The bad news is that I still have the flu. The good news is that I have finally accepted it as a permanent condition.
And so has Dave.
It’s been fun to watch him adapt to our new lifestyle. I lie around the house wearing a luxurious faux fur robe (think Leona Helmsley), while he waits on me hand and foot. He brings me roses, buys me Kleenex, shops for food, cooks the food, cleans up the mess, walks my dog Edmund in the freezing cold and picks up his gifts—
But I digress.
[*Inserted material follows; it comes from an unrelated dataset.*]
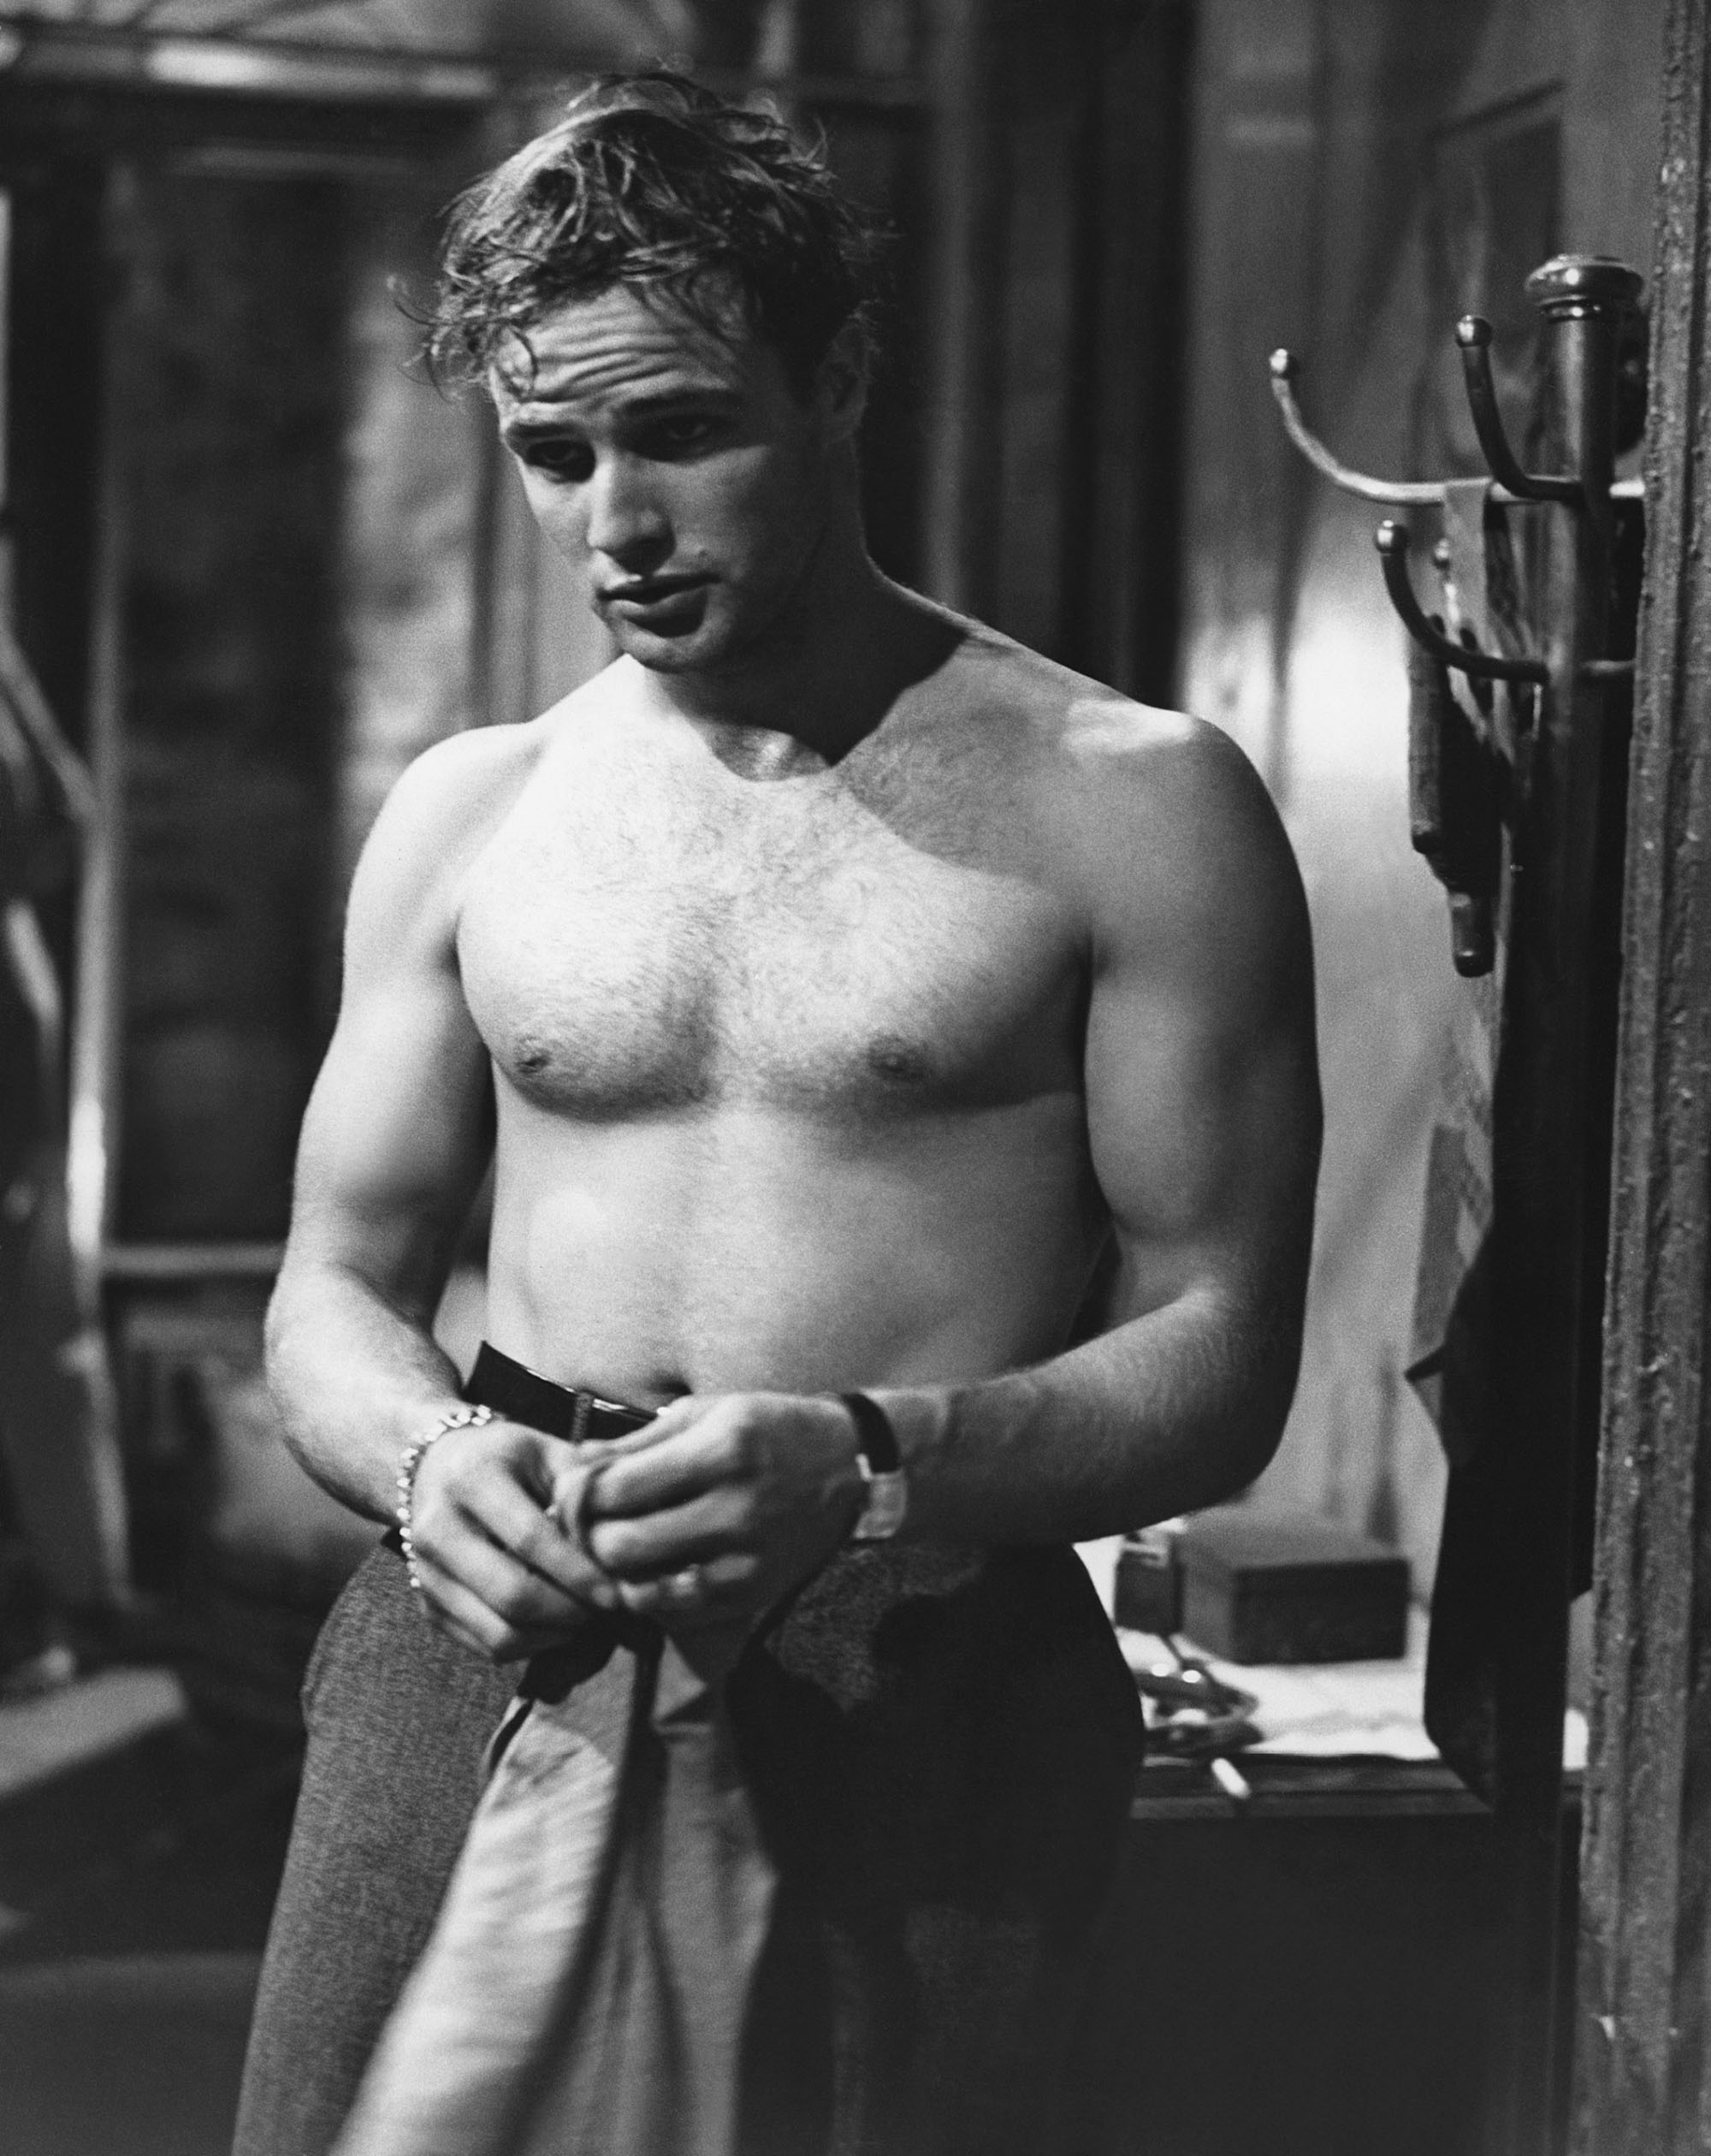 black and white image from the 1951 movie "A Streetcar Named Desire." Shown is Marlon Brando as Stanley Kowalski, standing and shirtless, in the vertical photo.

It’s just that watching Dave like this… it’s such a beautiful thing!
Anyway, since my new life as a professional sick person keeps me very busy staring off into space with my mouth hanging half open (so I can breathe and drool), I don’t have much time or energy for work or writing lately (why was I wasting my life that way?!).
Fortunately, anything important I want to say about addiction has already been said. For example, if I didn’t already worship God or if God wasn’t the jealous type (he is), I would worship at the feet of the late Gerald May, who wrote, Grace and Addiction, my all-time-favorite book on addiction.
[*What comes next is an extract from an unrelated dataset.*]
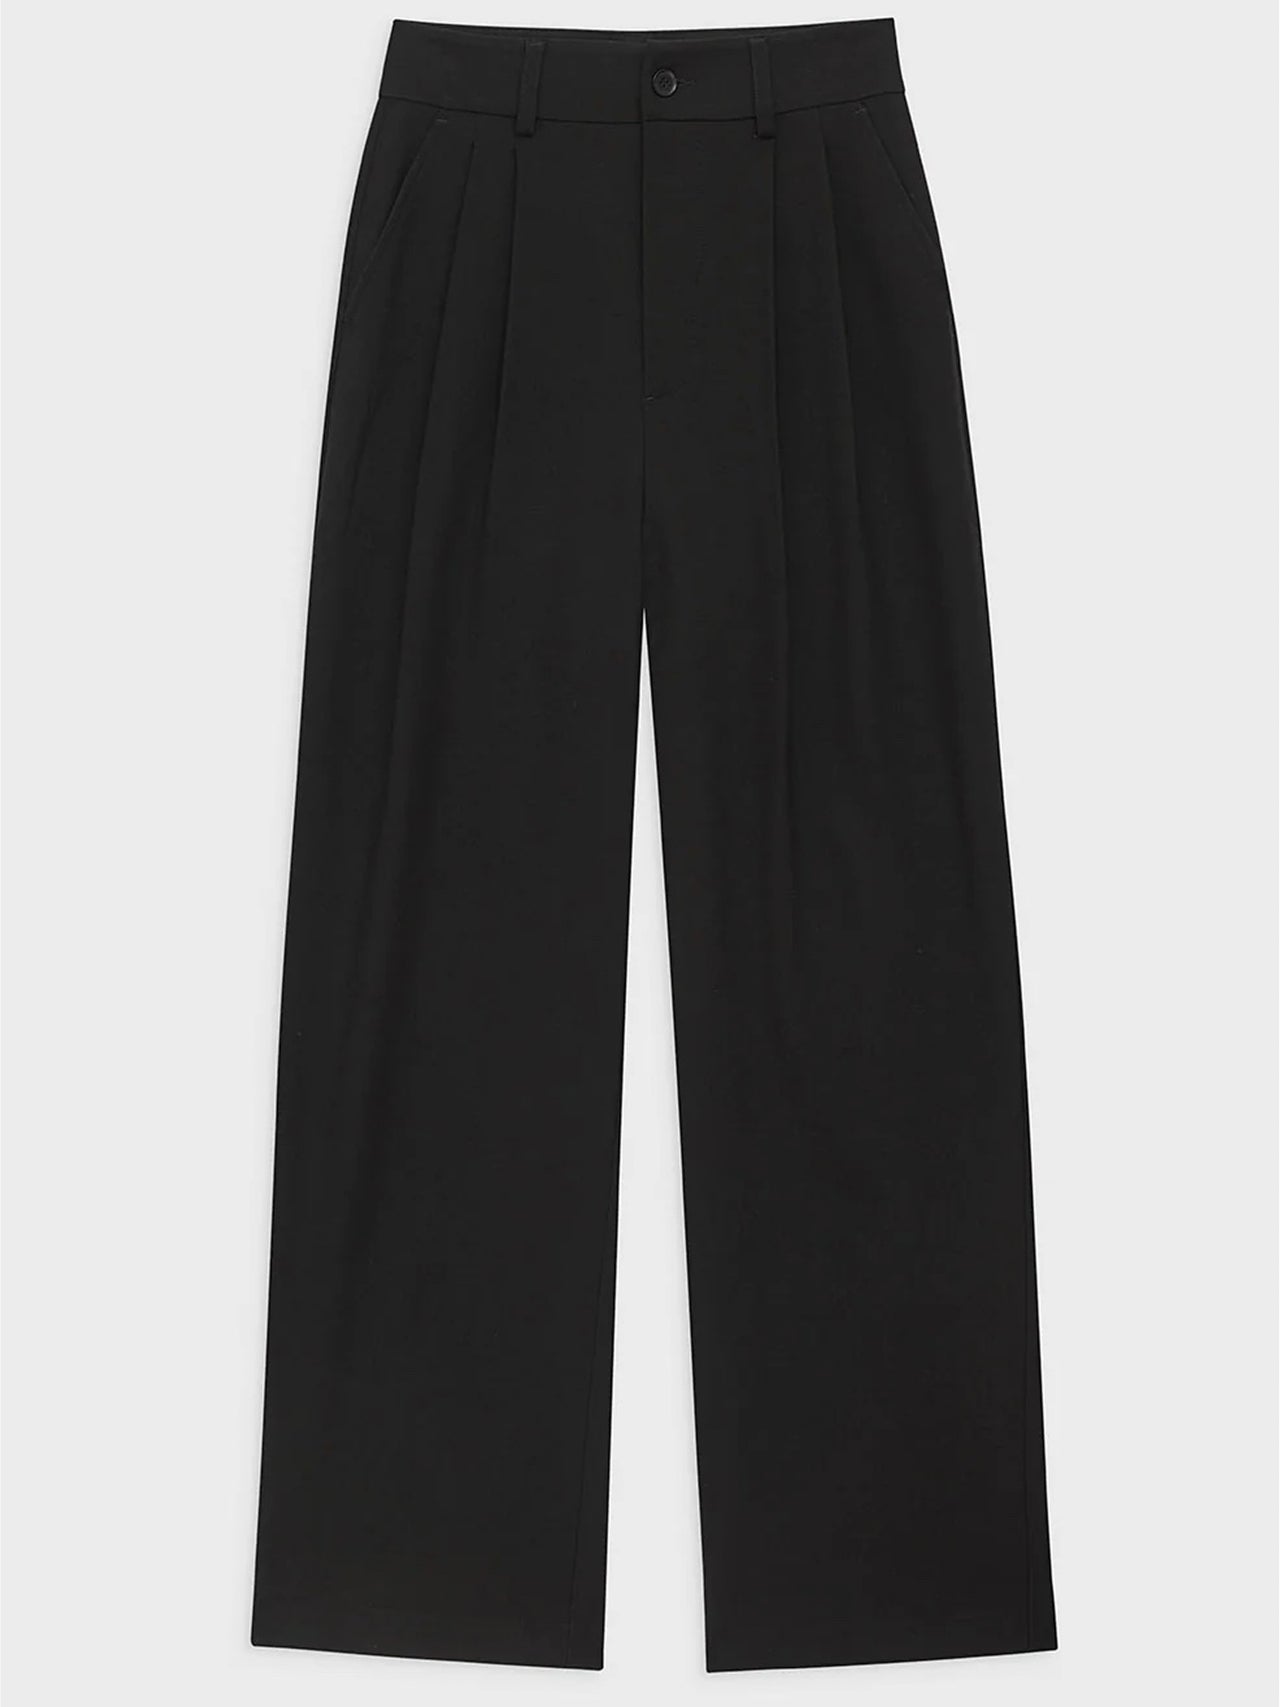 the-lair-Anine-Bing-Carrie-Pant-Black-Twill

One of the most important things I learned from May has to do with the myth of fulfillment. The idea that if we are good people living life rightly, we should not experience deep discontent. I think this myth is especially powerful in a Christian context. I can’t count how many times I asked myself, ”How come I’m not fulfilled? How can I feel thirsty or spiritually empty when I’m supposed to have a river of life flowing out of me?”
It wasn’t until recovery that I came to understand the river of life Jesus spoke about is not a river of bliss.
For an alcoholic or addict, this myth is especially significant. Long term recovery depends on our finding healthy ways to view and cope with our nagging feelings of discontent.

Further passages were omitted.